What needs to be done:
Drop the images. Copy every line below character for character.

Data:
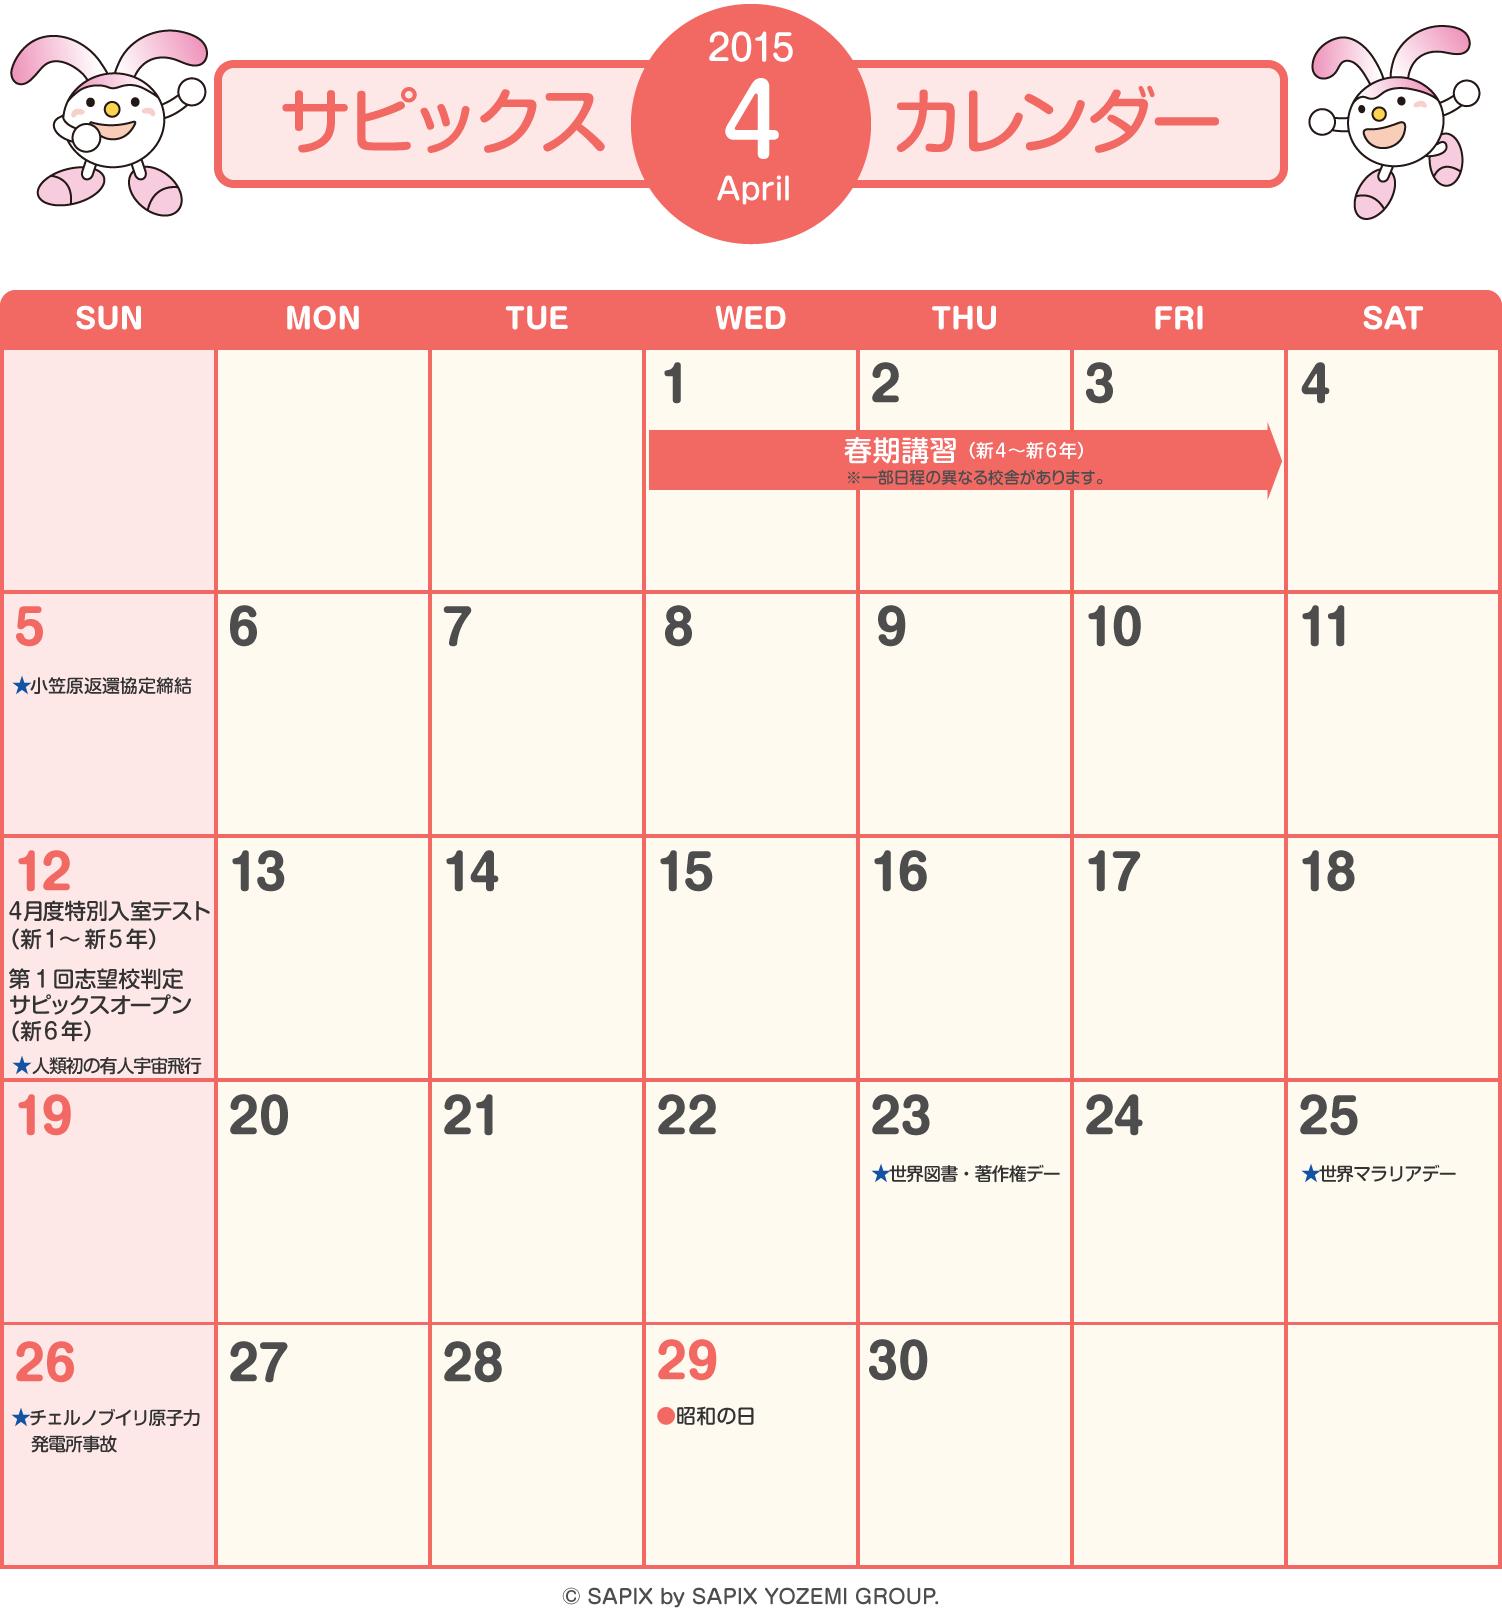 カレンダー カレンダー 2015年4月 : サピックスカレンダー 2015年4月
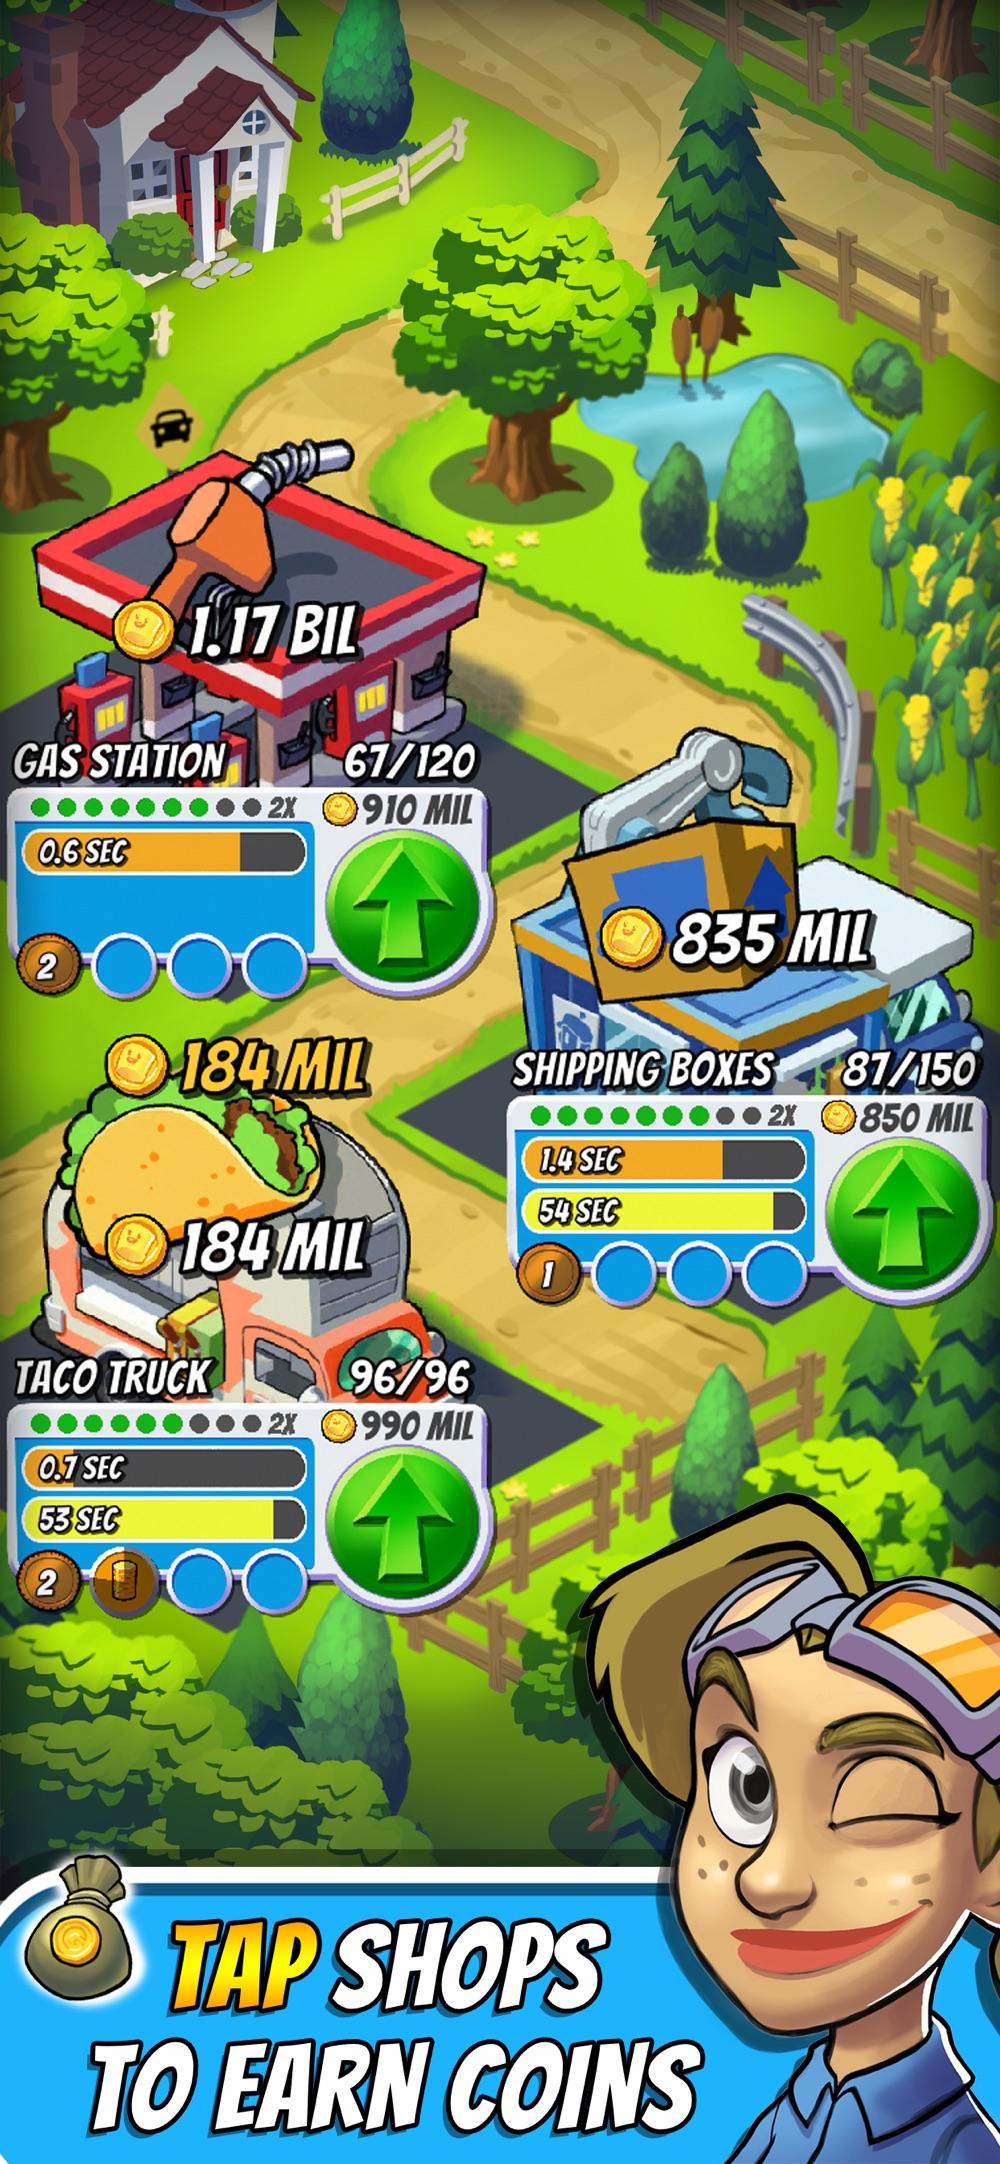 Tap Empire: Auto Tapper Game Cheat Codes
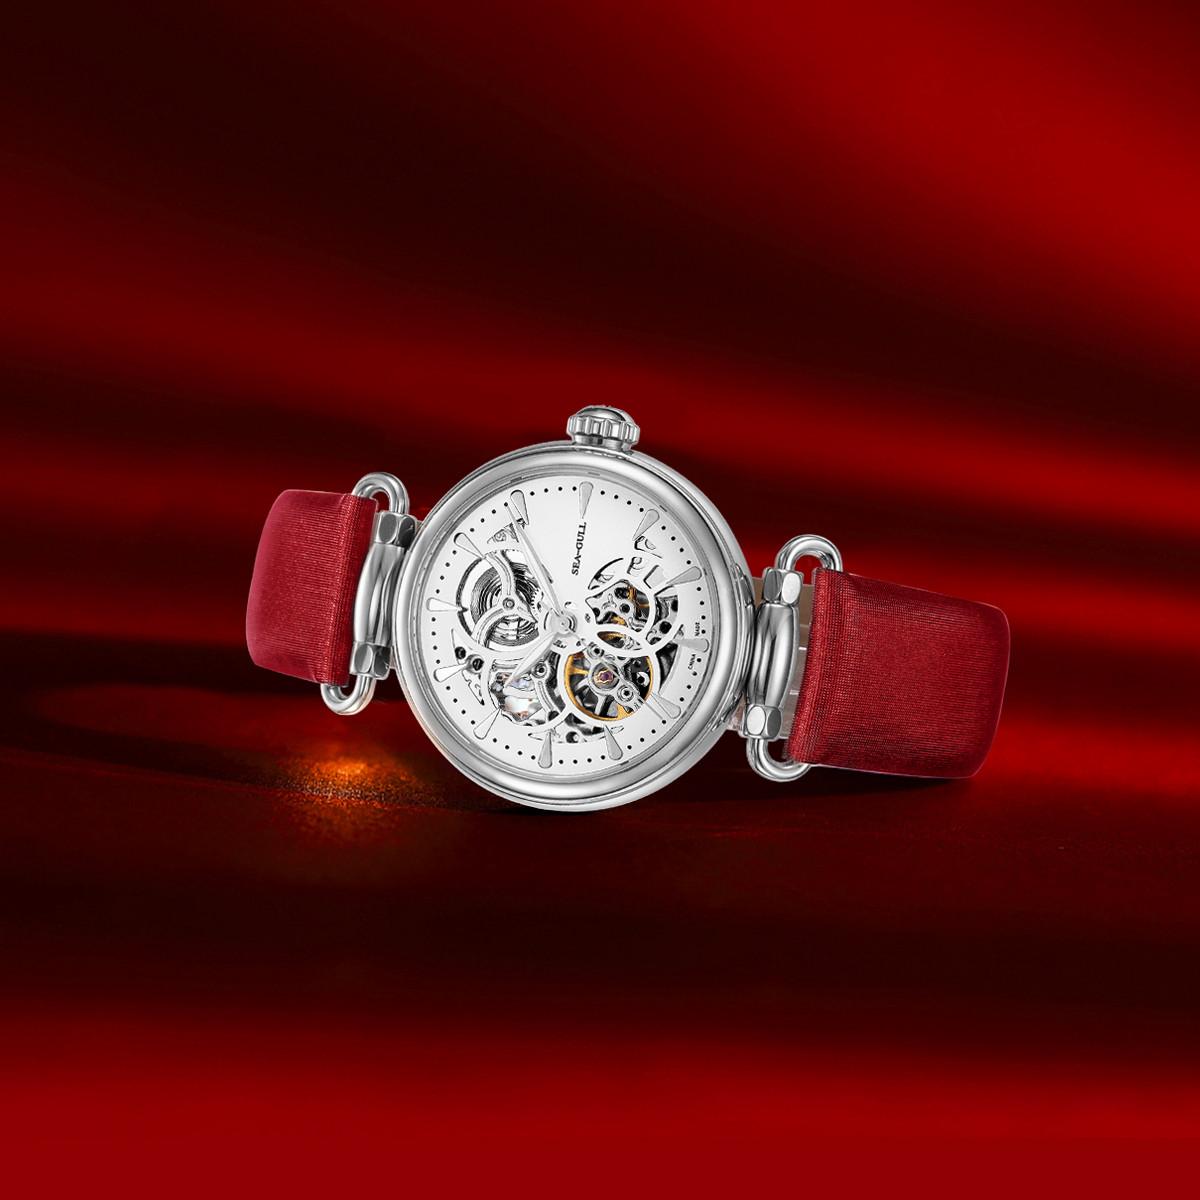 海鸥【畅销推荐】女士机械手表镂空绢带时尚潮流自动机械女士手表女表TO0D013634L17
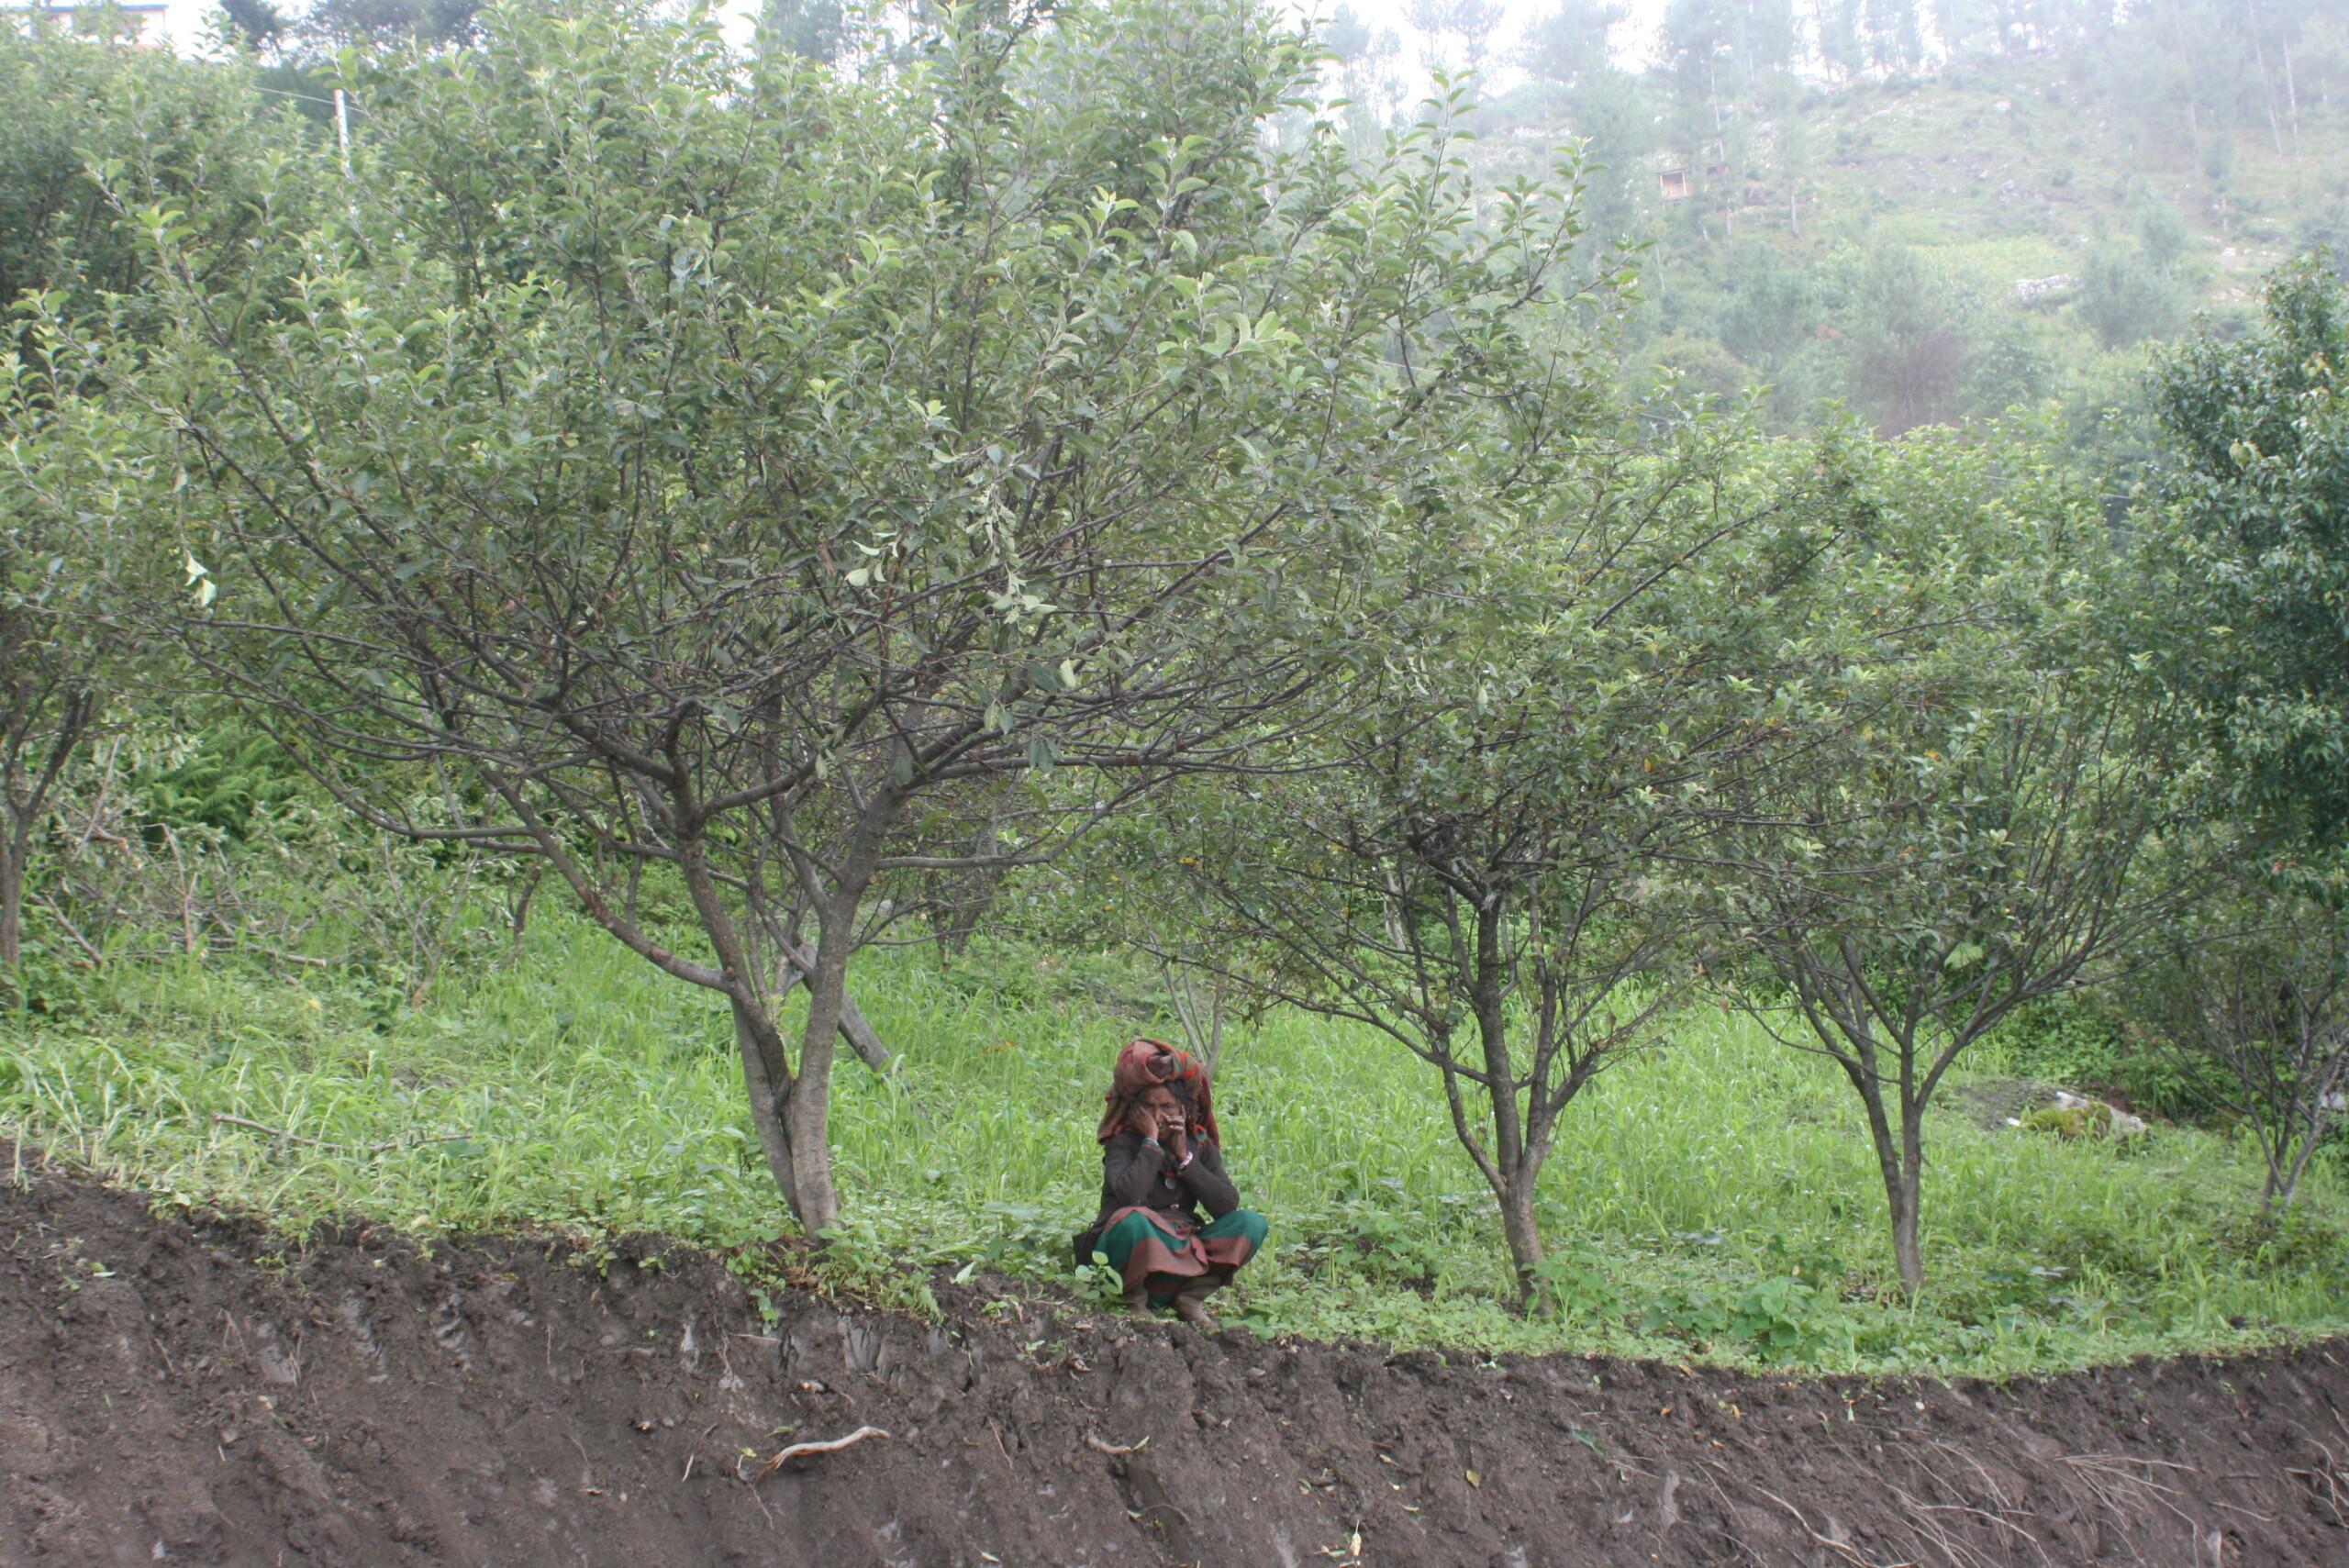 स्याउ नफलेपछि कृषक मर्कामा

Solution to the exercise:
 カレンダー カレンダー 2015年4月 : サピックスカレンダー 2015年4月
 Tap Empire: Auto Tapper Game Cheat Codes
 海鸥【畅销推荐】女士机械手表镂空绢带时尚潮流自动机械女士手表女表TO0D013634L17
 स्याउ नफलेपछि कृषक मर्कामा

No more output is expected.